• Tidak ada hasil yang ditemukan

II. TINJAUAN PUSTAKA

2.1 Tinjauan Teori

2.1.3 Proses Crosscultural Innovation

Menurut Niehoff dan Anderson (1964) dalam proses penyampaian program pemberdayaan kepada masyarakat akan terjadi sikap-sikap saling

mempengaruhi antara pemberi bantuan program dan masyarakat penerima program, atau dapat kita sebut proses crosscultural innovation (proses inovasi antar-budaya). Inovasi antar-budaya akan dipengaruhi oleh perilaku-perilaku dari

agent of change (dalam program ini disebut pendamping program) dan dari

masyarakat. Inovasi yang akan dibahas selanjutnya adalah program yang dibawa oleh pendamping. Perilaku dari masyarakat dibedakan berdasarkan motivasi dan budaya tradisional. Hal ini menjadi faktor yang menjadi pendukung diterimanya program dan ada pula yang akan menjadi penghalang. Perilaku-perilaku ini dapat saja tidak memiliki pengaruh apa-apa namun bisa juga menjadi pengaruh positif, pengaruh negatif, ataupun kedua-duanya.

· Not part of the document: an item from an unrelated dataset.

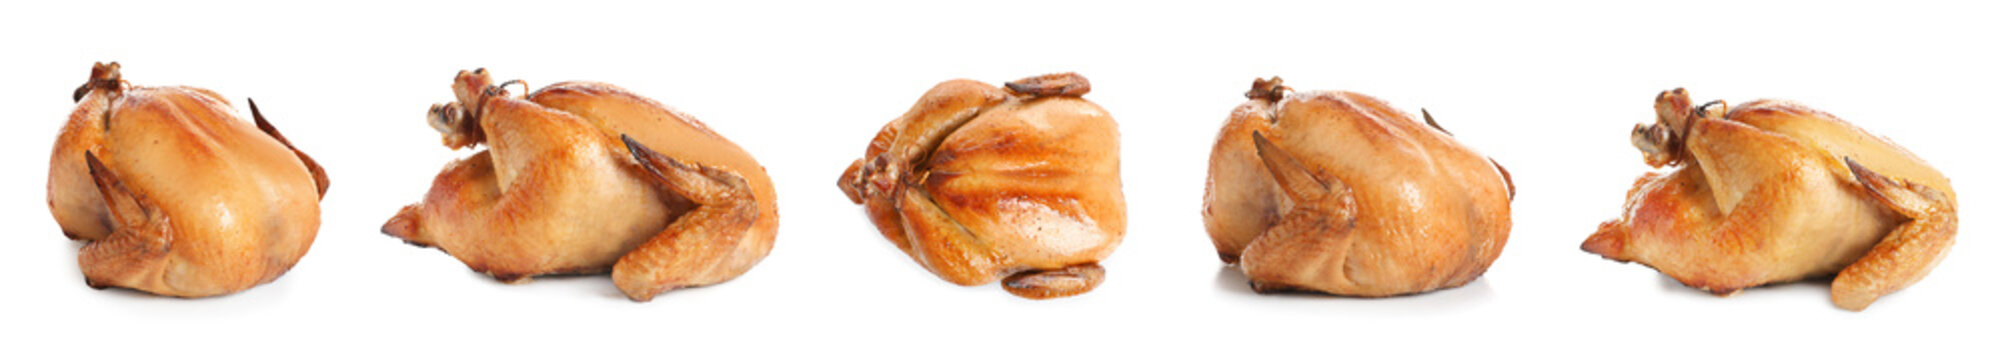 Set of delicious roasted turkey on white background

Ada perilaku yang dilakukan pendamping sebagai proses dalam mengimplementasikan program kepada masyarakat. Perilaku itu dilakukan semata-mata dari sudut pandang dan pengenalan pendamping terhadap masyarakat yang menjadi sasaran program. Perilaku tersebut, antara lain :

1. Communication, yang berarti proses tukar pikiran antara pendamping dan masyarakat untuk merencanakan dan mengimplementasikan program. Dalam proses pendampingan, communication merupakan bagian dari proses penyadaran masyarakat. Dalam proses ini masyarakat dibantu untuk mengenali potensi diri dan lingkungan.

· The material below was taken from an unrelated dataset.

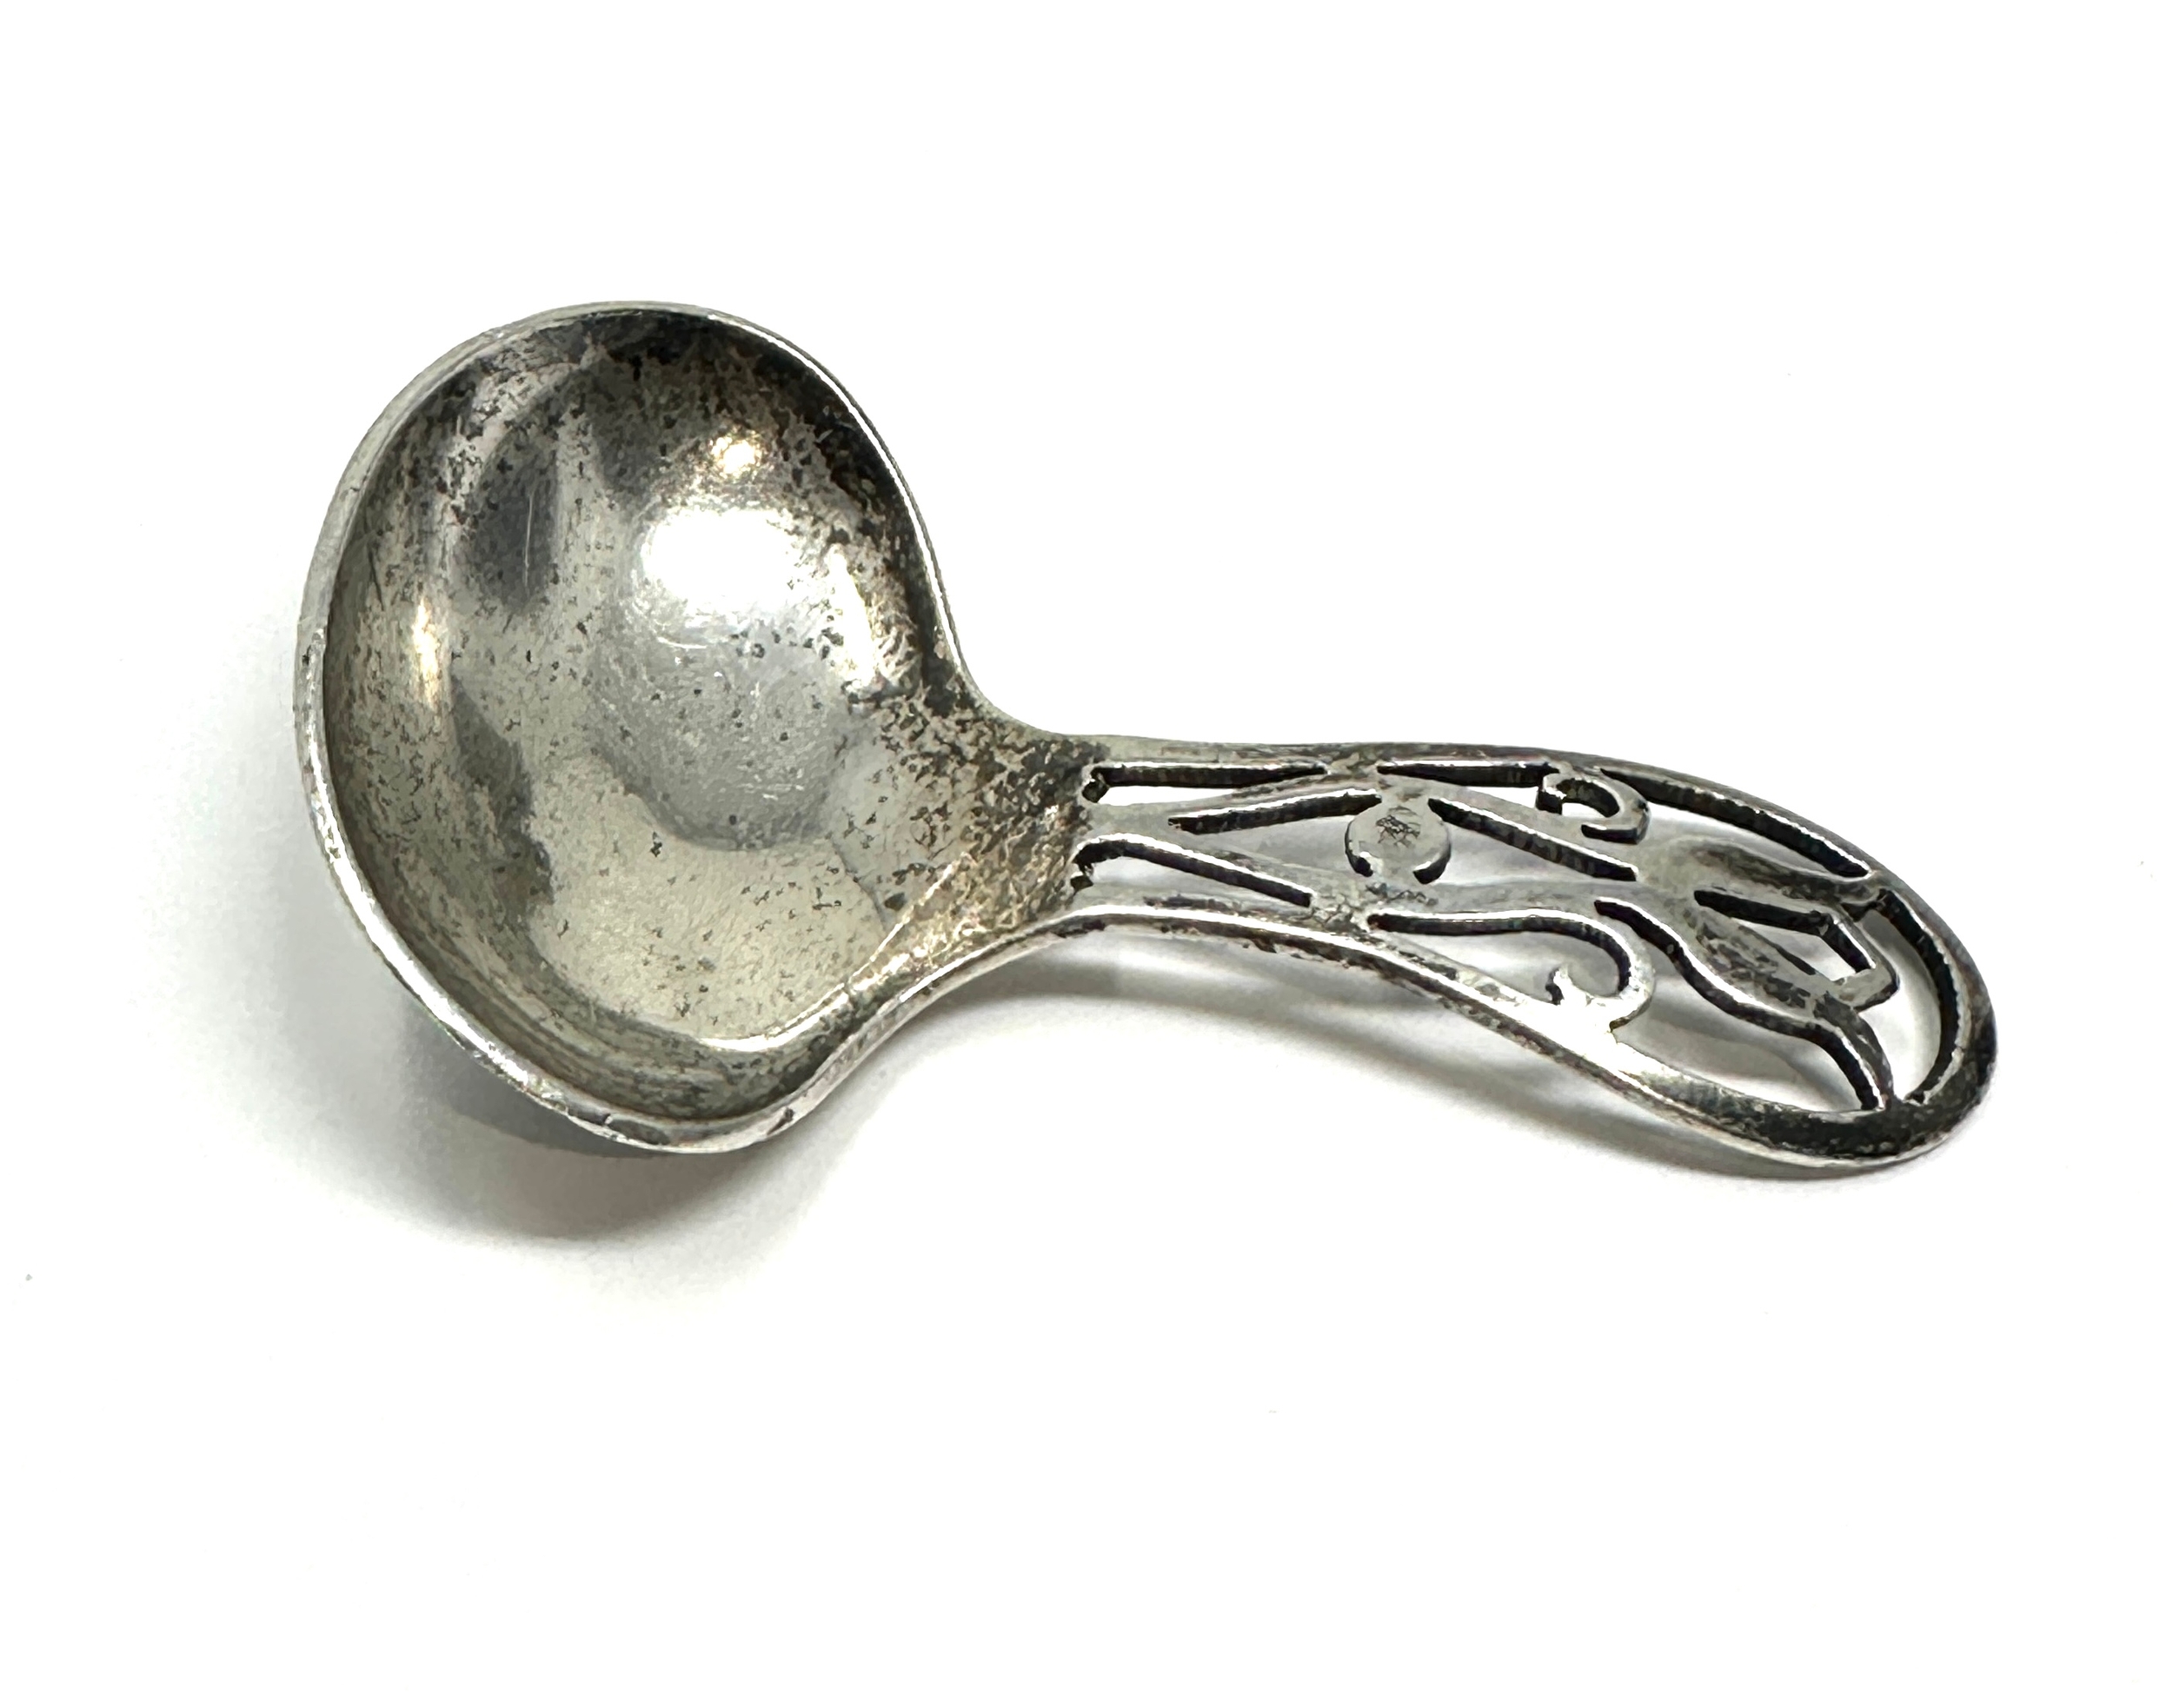 Antique silver tea caddy spoon birmingham silver hallmarks - Image 2 of 4

Pada awalnya, pendamping melakukan proses pendataan sumber daya dan pengenalan program di Desa Bojong Sempu melalui pemerintahan setempat, antara lain, kantor desa, RW, dan RT. Dalam mengenalkan program pada masyarakat, pendamping tidak melakukan pengumpulan

masa secara sengaja namun dengan memanfaatkan perkumpulan-perkumpulan yang diadakan warga, seperti pengajian warga dan acara yang diadakan oleh tokoh masyarakat setempat. Hal ini dinilai lebih efektif untuk mengenalkan diri pribadi pendamping, Masyarakat Mandiri Dompet Dhuafa, dan juga mengenalkan program yang dibawa oleh pendamping.

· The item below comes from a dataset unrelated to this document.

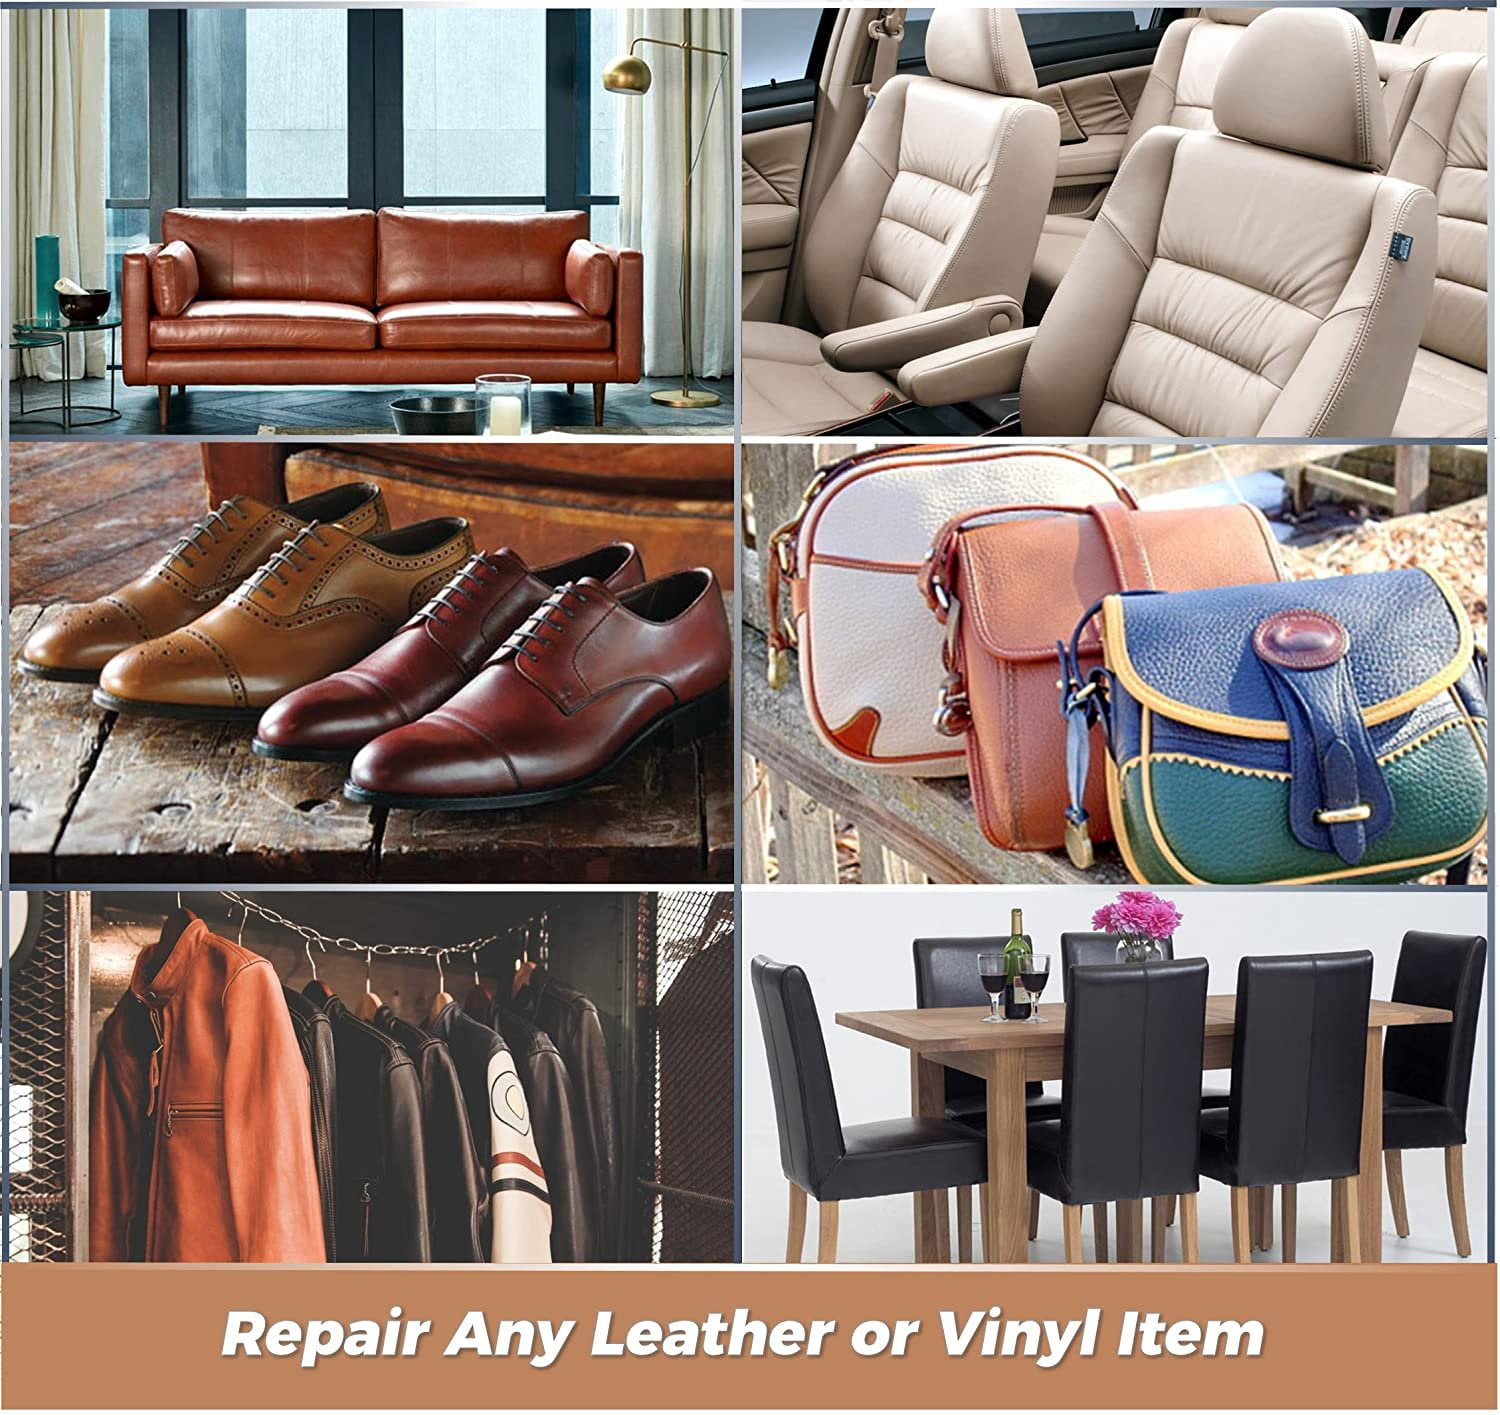 LUDUO Liquid Leather Vinyl Repair Kit Restorer Furniture Car Seats Sofa  Jacket Purse Belt Shoes Cleaner Skin Repair Refurbish

2. Role of change agent, gambaran tentang pendamping menurut masyarakat penerima program, berdasarkan kecakapan dalam berbahasa, pemahaman akan budaya, kecakapan secara teknis, dan interaksi dengan orang yang berpengaruh di tempat tersebut.

Dengan memanfaatkan kegiatan pengajian yang ada di masyarakat, pendamping dapat menciptakan citra yang baik mengenai dirinya di mata masyarakat. Pemanfaatan acara yang diadakan oleh tokoh masyarakat dalam pengenalan program pun dapat memudahkan masayarakat lebih menerima dan untuk berpartisipasi pada program yang dikenalkan. Bukan hanya karena masyarakat menghargai tokoh mereka, namun dengan memanfaatkan simpul-simpul masyarakat seperti itu maka pendamping dengan mudah dapat melakukan interaksi dengan seluruh masyarakat yang ada.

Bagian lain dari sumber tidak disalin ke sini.